Mainline versus vendor and distro trees
torvalds/linux is mainline source. It is not the same thing as the kernel your distribution ships after config choices, backports, patches, module policy, signing, and release engineering. It is also not the same as a vendor tree such as Raspberry Pi’s Linux tree or Microsoft’s WSL2 kernel tree, which carry platform-specific changes and release constraints.
| Repository | Stars | Scope | Use when |
|---|---|---|---|
| torvalds/linux | 236,054 | Mainline Linux kernel source | You need upstream source, history, docs, or a base for kernel work |
| raspberrypi/linux | 12,931 | Raspberry Pi kernel tree | You need Pi-specific kernel builds and platform changes |
| microsoft/WSL2-Linux-Kernel | 10,445 | Linux kernel source used by WSL2 | You are studying or debugging the WSL2 kernel variant |
| zephyrproject-rtos/zephyr | 15,572 | Embedded RTOS project | You want a small-device RTOS, not the Linux kernel |
Counts are GitHub snapshots from 2026-06. The comparison is about role, not prestige. Mainline is the upstream reference. Vendor and distro trees are where product constraints land. RTOS projects solve a different class of embedded problems.
Where this page is most useful
For reading code, start from a subsystem rather than a top-level directory. If you care about filesystems, networking, memory management, scheduler behavior, drivers, or security, use the documentation index and MAINTAINERS file to find the relevant area. Then read code with that subsystem’s patch flow in mind.
For building, use the trimmed kernel guide before touching bootloader settings. For contributing, read the development process and submitting patches docs before preparing any change. For bug reports, follow the reporting guide rather than opening a random GitHub issue.

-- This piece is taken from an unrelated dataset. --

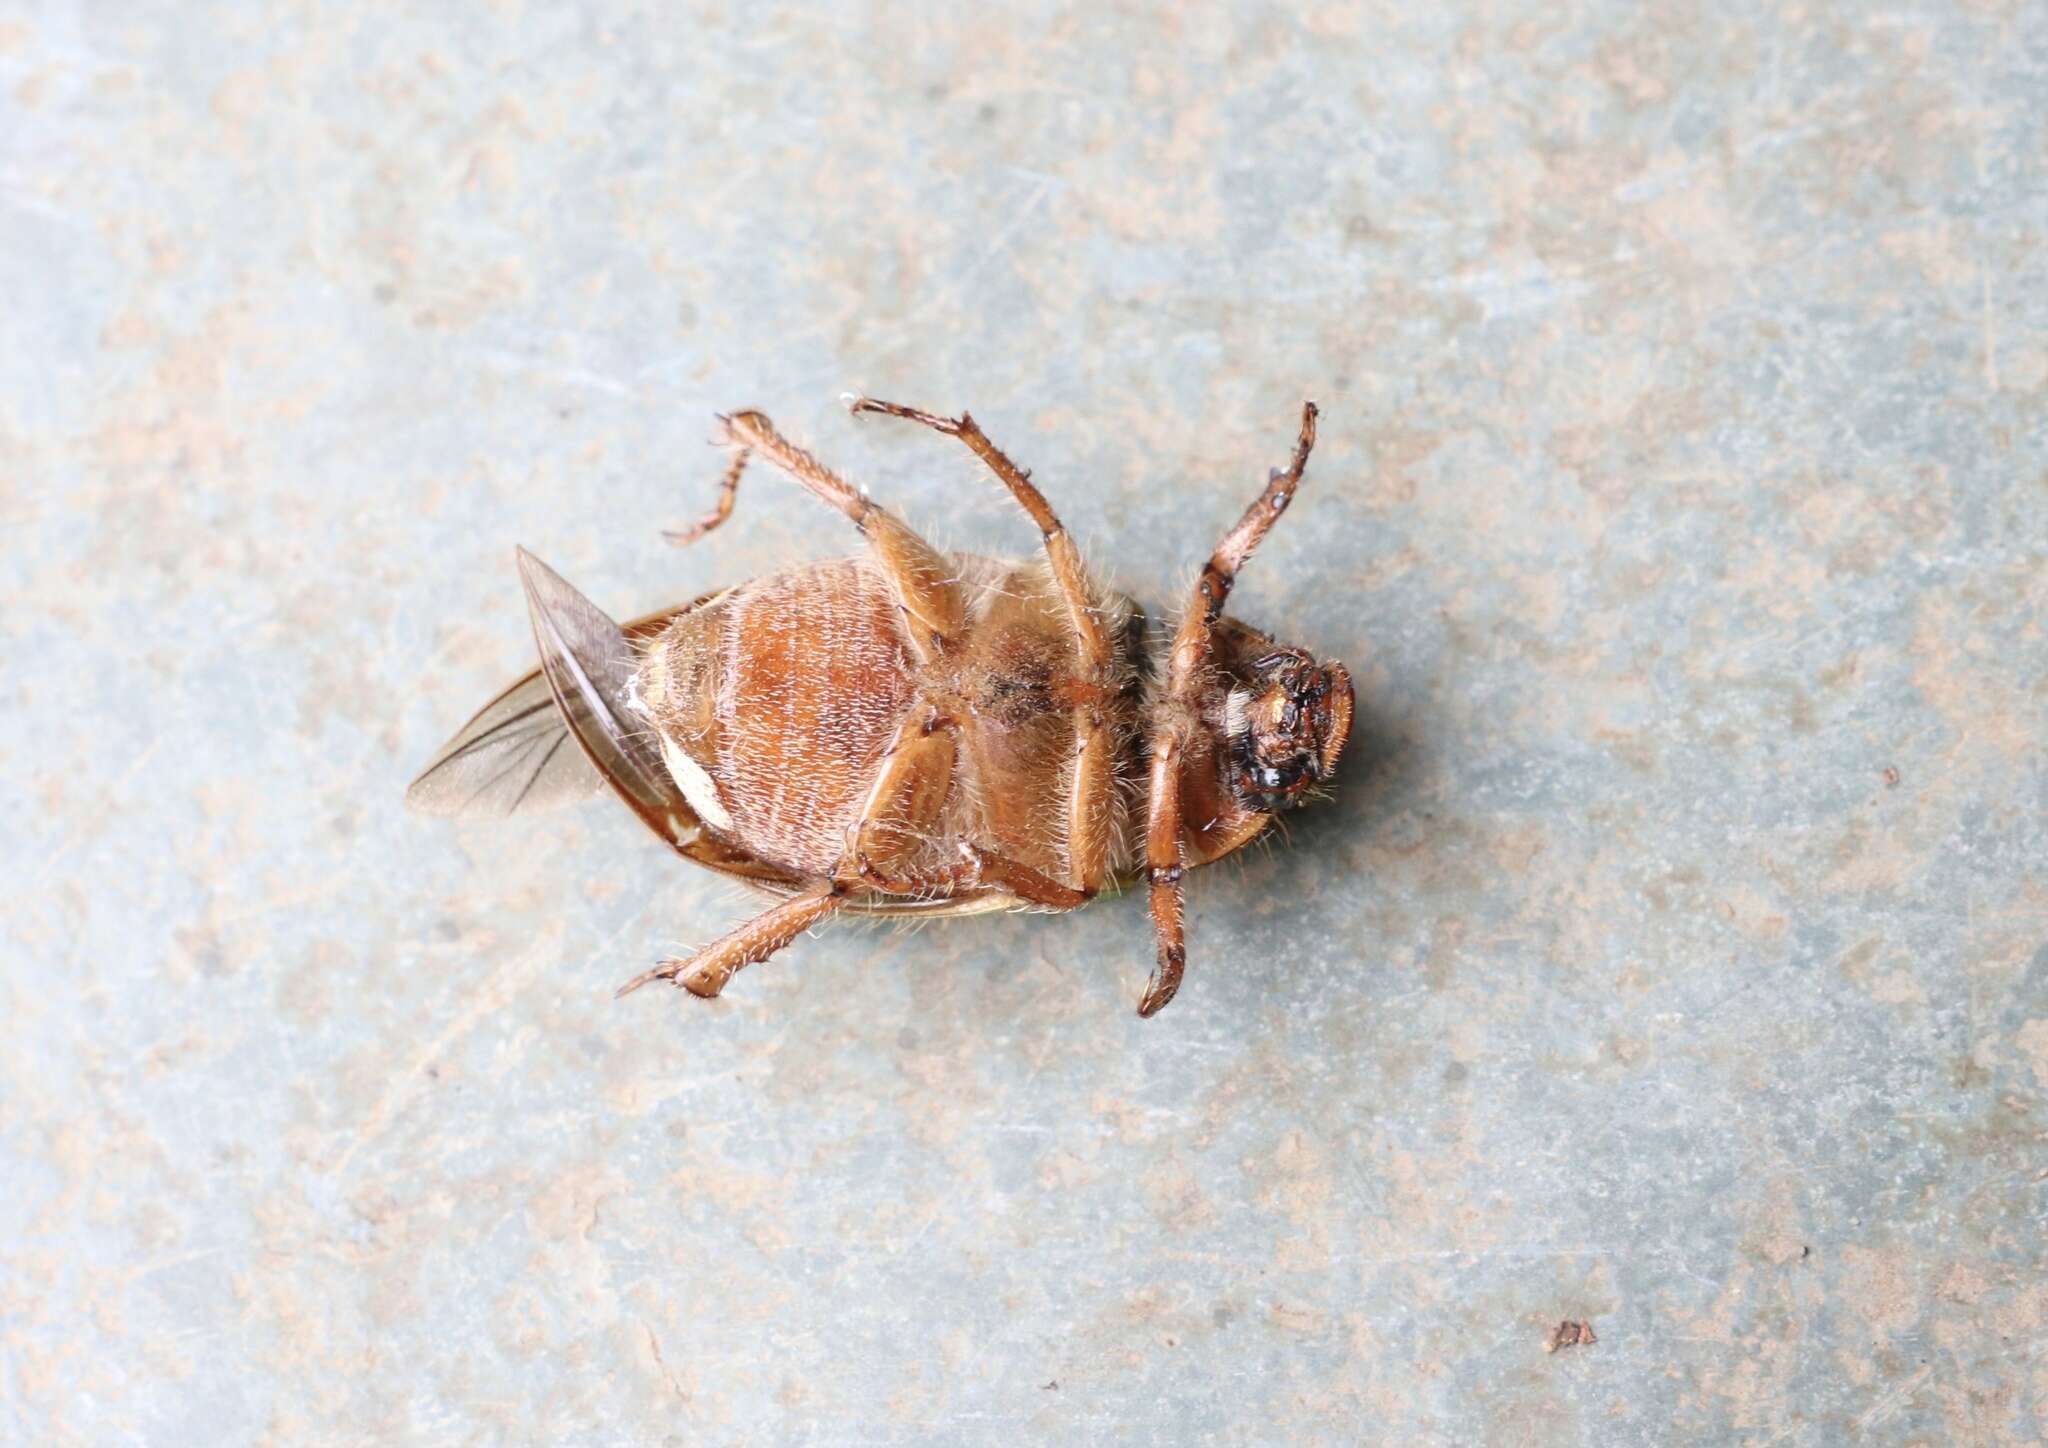 Image of Beetle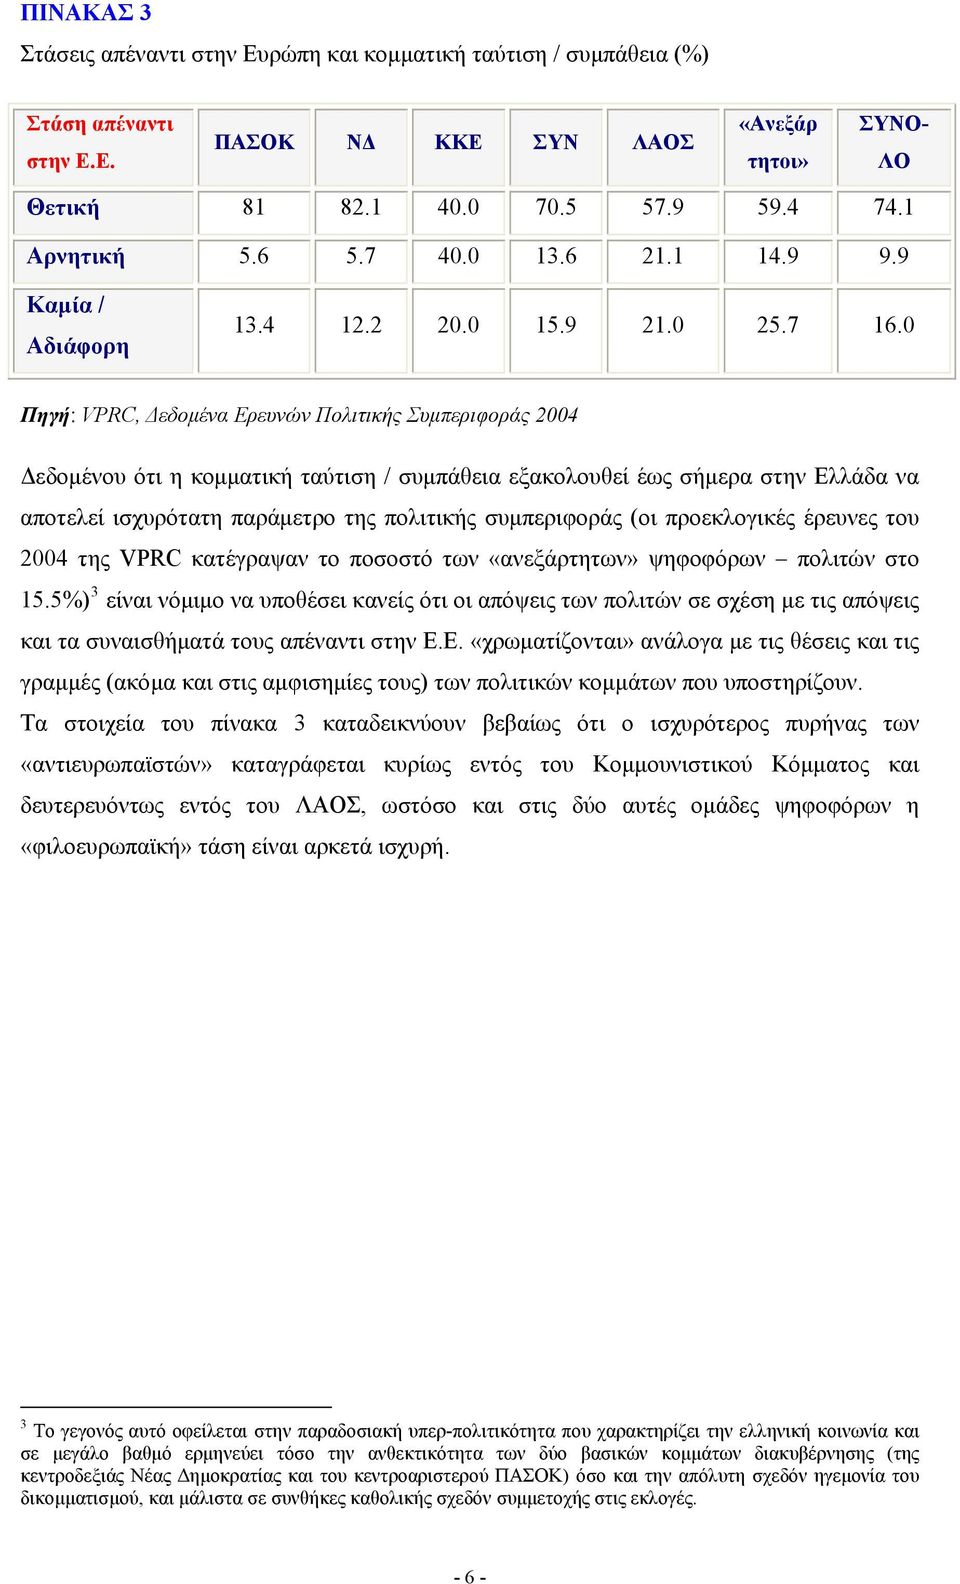 0 Πηγή: VPRC, Δεδομένα Ερευνών Πολιτικής Συμπεριφοράς 2004 Δεδομένου ότι η κομματική ταύτιση / συμπάθεια εξακολουθεί έως σήμερα στην Ελλάδα να αποτελεί ισχυρότατη παράμετρο της πολιτικής συμπεριφοράς

The star curve confirms the repository’s public visibility, but it says little about development health. Linux’s real health is visible in release cadence, subsystem review, mailing list traffic, stable maintenance, downstream adoption, and the fact that vendors and distributions keep building on it. GitHub stars are a map marker, not the project pulse.
Related
For systems learning by rebuilding small versions of real tools, codecrafters-io/build-your-own-x includes operating system and low-level projects. For broader developer learning paths, nilbuild/developer-roadmap is a higher-level map. For architecture tradeoffs above the kernel layer, donnemartin/system-design-primer is the better companion.
FAQ
Is torvalds/linux the official Linux kernel repository? It is the mainline Linux kernel source tree on GitHub, associated with Linus Torvalds’ tree. Kernel.org and lore.kernel.org remain central entry points for source, releases, docs, and development discussion.
Can I submit a GitHub pull request to Linux? For normal kernel work, no. Read Documentation/process/submitting-patches.rst, find the right maintainers through MAINTAINERS, and use the mailing list based process expected by the subsystem.
How do I build the Linux kernel from source? Read Documentation/admin-guide/quickly-build-trimmed-linux.rst. It covers build dependencies, configuration from your running system, kernel build targets, module installation, bootloader details, and distribution-specific traps.
Why are there so few GitHub issues? The GitHub issue count is not the kernel’s real bug queue. Kernel reports and review happen through Bugzilla, mailing lists, maintainer channels, downstream trackers, and subsystem-specific workflows.
What license does the Linux kernel use? The top-level COPYING file states GPL version 2 only with the Linux syscall note, and points to the in-tree license rules for files that carry other compatible notices.